‘Verschuiving van naaldbos naar loofbos’

Het evenwicht tussen vraag en aanbod van hout uit Nederlandse bossen lijkt steeds meer verstoord te worden. Ondanks de toenemende vraag naar hout heeft in bijna de helft van het bos de afgelopen tien jaar geen oogst plaatsgevonden.

Terwijl de vraag naar hout voor industriële toepassingen voor twee derde bestaat uit naaldhout, worden er vooral loofbomen aangeplant. Dat blijkt uit de Zesde Nederlandse Bosinventarisatie (NBI6) van Alterra Wageningen UR, Probos, Silve en Bureau Daamen.

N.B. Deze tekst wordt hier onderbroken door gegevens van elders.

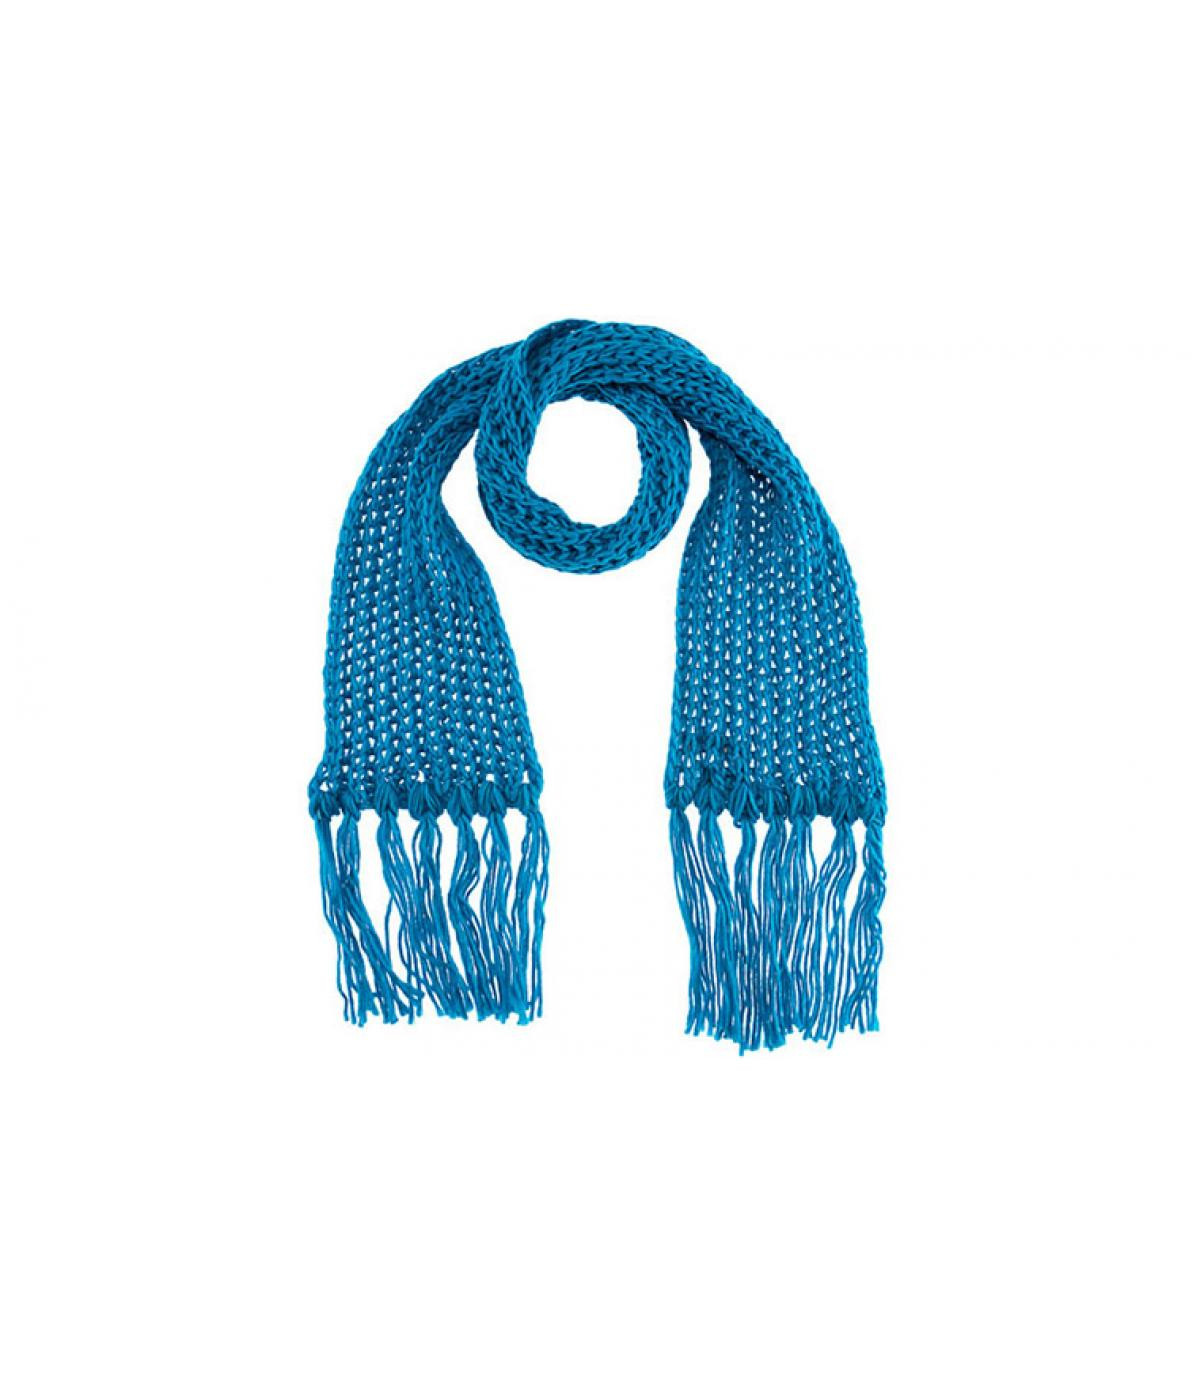 Turquoise scarf passigatti

Een groot deel van het Nederlandse bos is in de eerste helft van de 20e eeuw aangeplant als naaldbos op heide en zandverstuivingen. Een belangrijk doel was het produceren van hout voor de mijnen in Limburg. In de jaren ’80 veranderde het beheer, met meer aandacht voor andere functies van het bos zoals recreatie en natuurbehoud.

Door ander beheer zijn bossen dichter geworden, meer gemengd, is er nu ongeveer evenveel naald- als loofbos, en is de gemiddelde leeftijd toegenomen. Naaldbos is nu gemiddeld 67 jaar oud, terwijl loofbos gemiddeld 58 jaar oud is.

Er staat meer hout in het bos dan ooit tevoren, terwijl de groei iets af lijkt te nemen. Ook de hoeveelheid dood hout is toegenomen ten opzichte van vorige inventarisaties. Dode bomen horen bij een natuurlijk bos en leveren voedsel en nestgelegenheid voor veel bosbewoners.

Verschuiving
De bosinventarisatie laat duidelijk zien dat de verschuiving van naaldbos naar loofbos de komende tijd verder door zal zetten. Alterra-onderzoeker Mart-Jan Schelhaas: „De jongste generatie bomen bestaat voor 75% uit loofboomsoorten zoals berk, eik en beuk. Terwijl de industrie vraagt om naaldhout, en er steeds meer vraag naar hout komt voor bijvoorbeeld energie, wordt er maar op weinig plaatsen geoogst in het bos, en ontwikkelt zich een bos dat de komende tijd niet aan de vraag naar hout zal kunnen voldoen.”